FEFormer: Frequency-Enhanced ViT Outperforms on Medical Image Segmentation
New architecture blends frequency decomposition with transformers for sharper organ and lesion boundaries.
A new paper on arXiv from Jin Yang and team introduces FEFormer (Frequency-enhanced Vision Transformer), designed to overcome key limitations of standard Vision Transformers (ViTs) in medical image segmentation. While ViTs excel at capturing global context, they struggle with fine-grained local features critical for anatomical structures. FEFormer addresses this by incorporating frequency-domain processing into its core modules. The architecture includes a Frequency-enhanced Dynamic Self-Attention (FDSA) module that uses locality-preserving convolution with frequency-domain attention to jointly capture local details and global dependencies. A Frequency-decomposed Gating MLP (FGMLP) adaptively models low- and high-frequency components, enhancing both semantic and structural representations.
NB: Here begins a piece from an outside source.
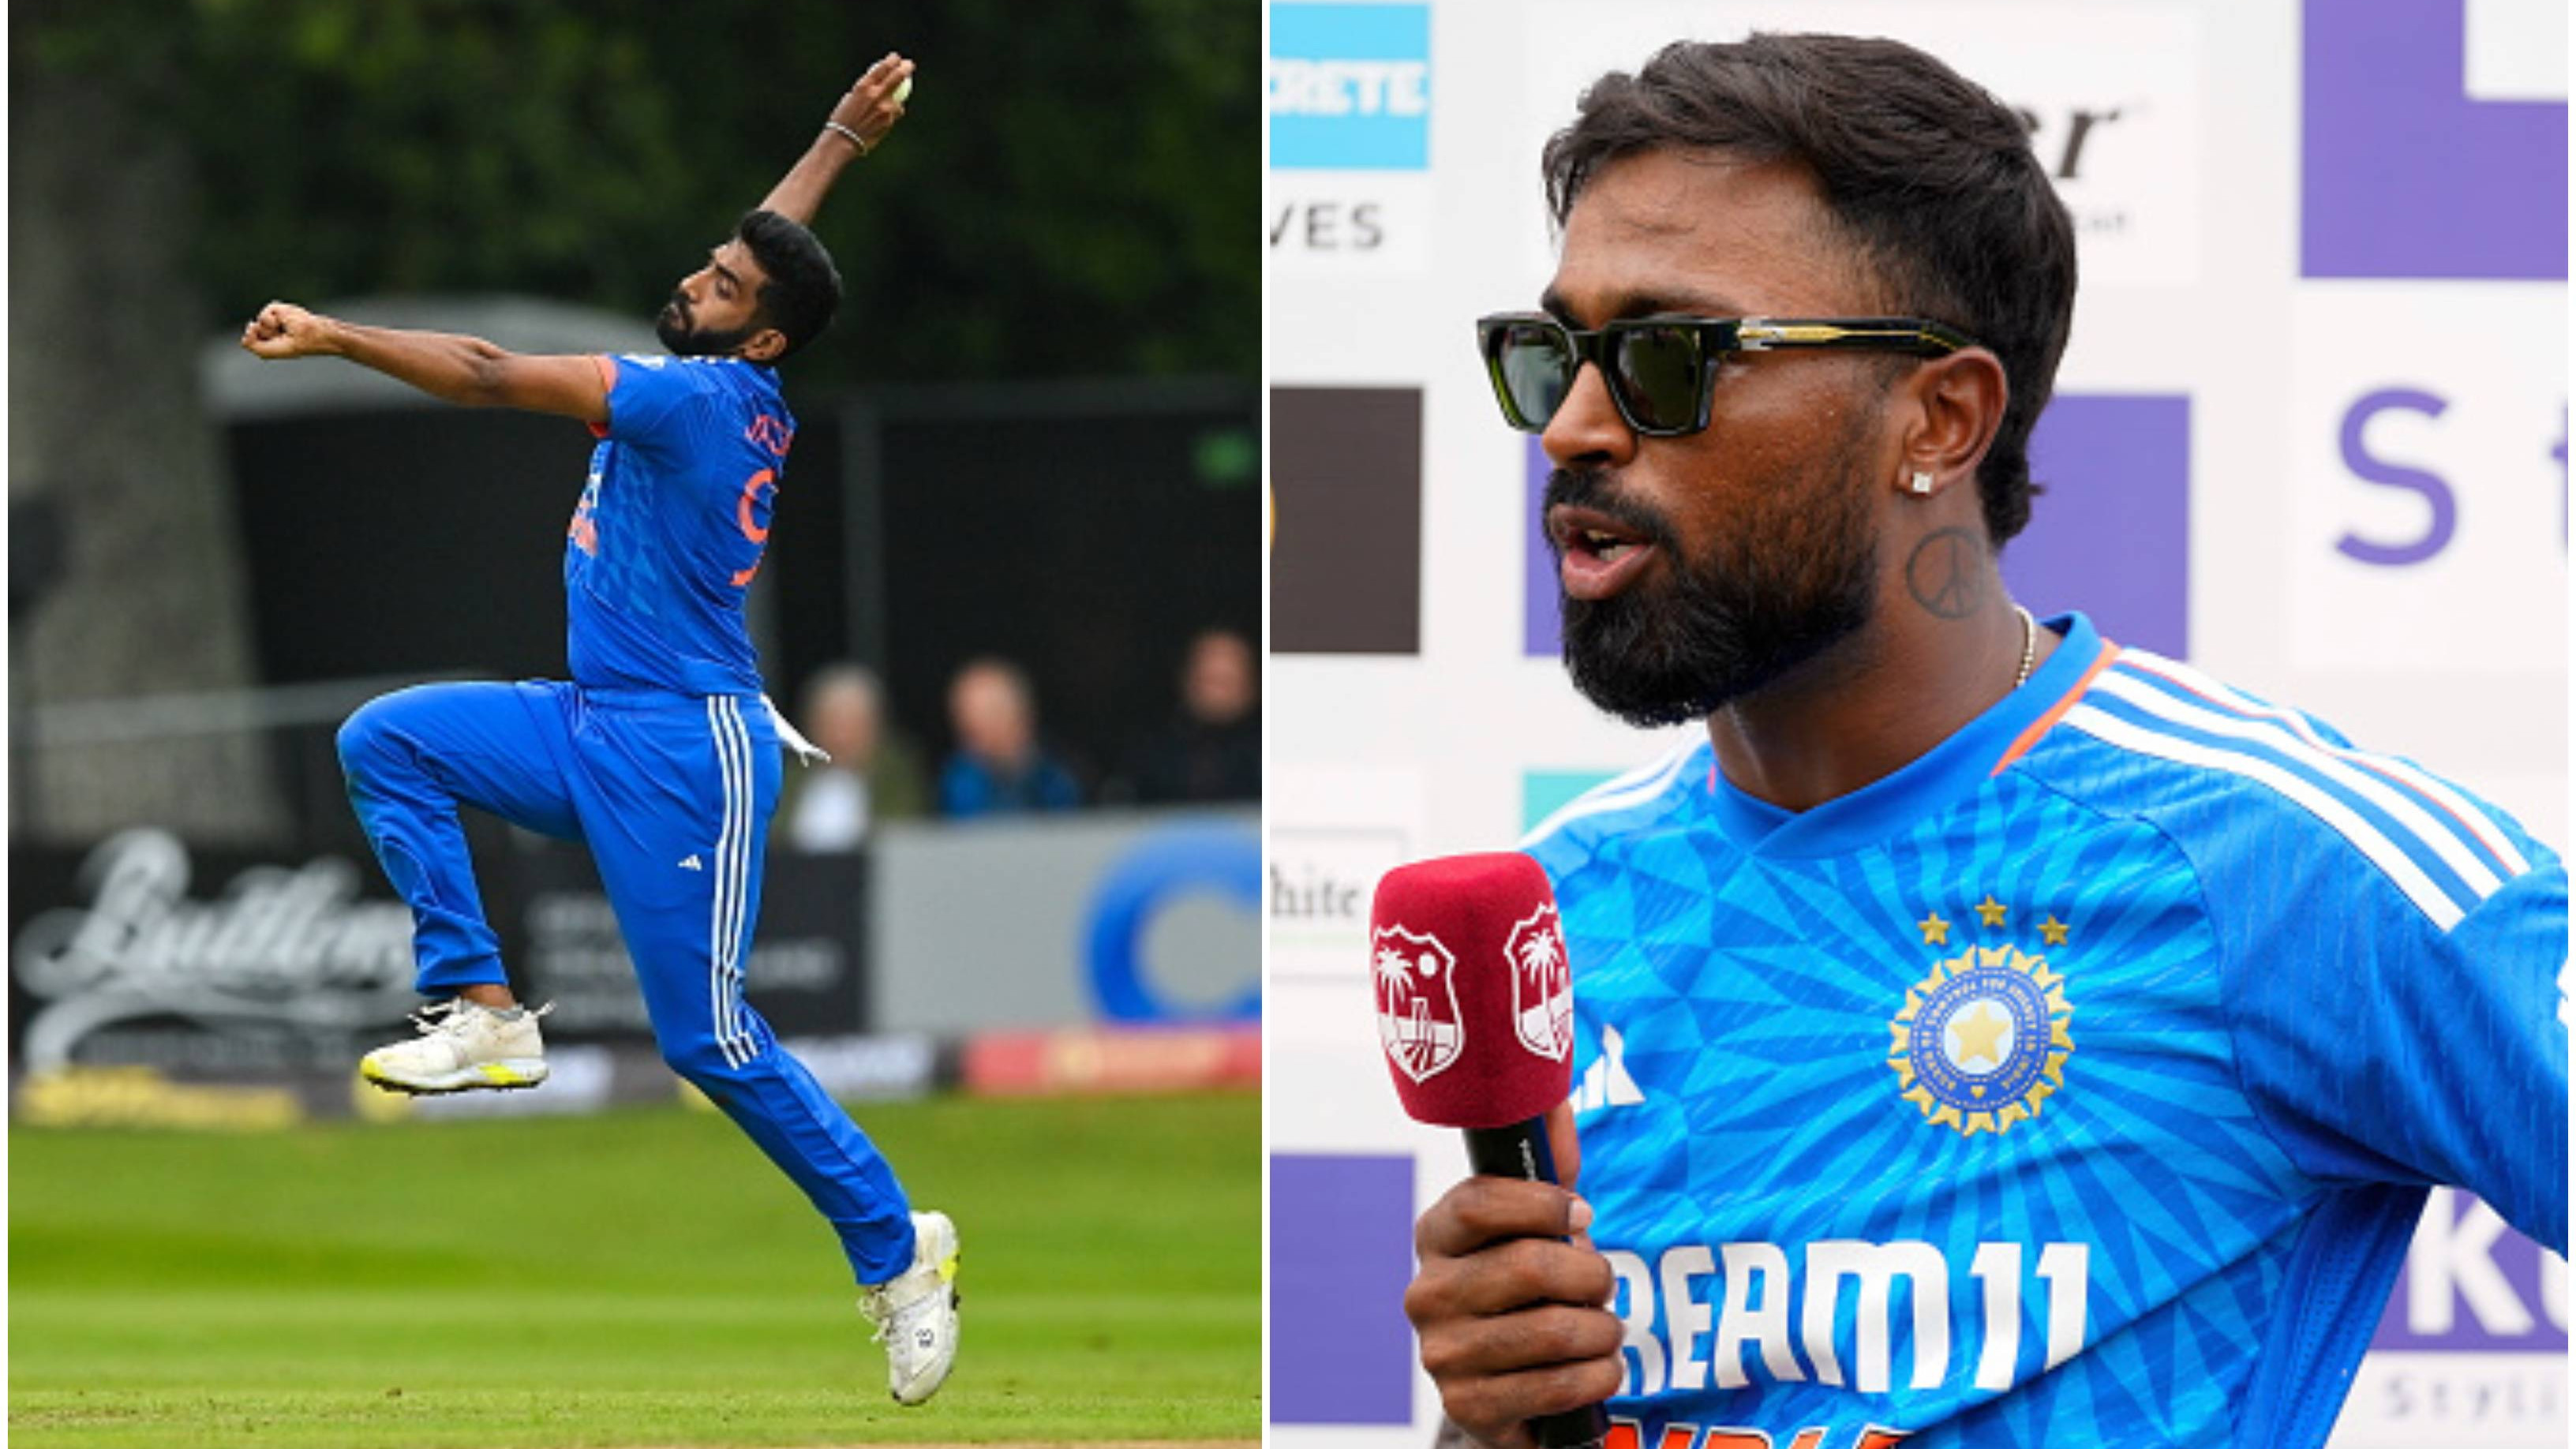 Jasprit Bumrah to give stiff competition to Hardik Pandya for ODI vice-captaincy: Report

Additionally, FEFormer features a Wavelet-guided Adaptive Feature Fusion (WAFF) module for semantically consistent encoder-decoder integration in the frequency domain, and a Frequency-enabled Cross-scale Stem Bridge (FCSB) that improves low-level feature propagation across scales. The model was evaluated on four diverse volumetric medical image segmentation tasks and achieved superior performance compared to existing methods while maintaining high computational efficiency. By explicitly handling frequency information, FEFormer represents a promising direction for improving segmentation accuracy in clinical applications such as diagnosis and treatment planning.
- FEFormer introduces four novel frequency-aware modules: FDSA, FGMLP, WAFF, and FCSB.
- It captures both fine-grained local details and global context through frequency-domain attention.
- Outperforms SOTA on four volumetric medical image segmentation tasks with lower computational cost.
Why It Matters
More precise segmentation of organs and lesions could improve diagnosis, prognosis, and treatment planning in clinical settings.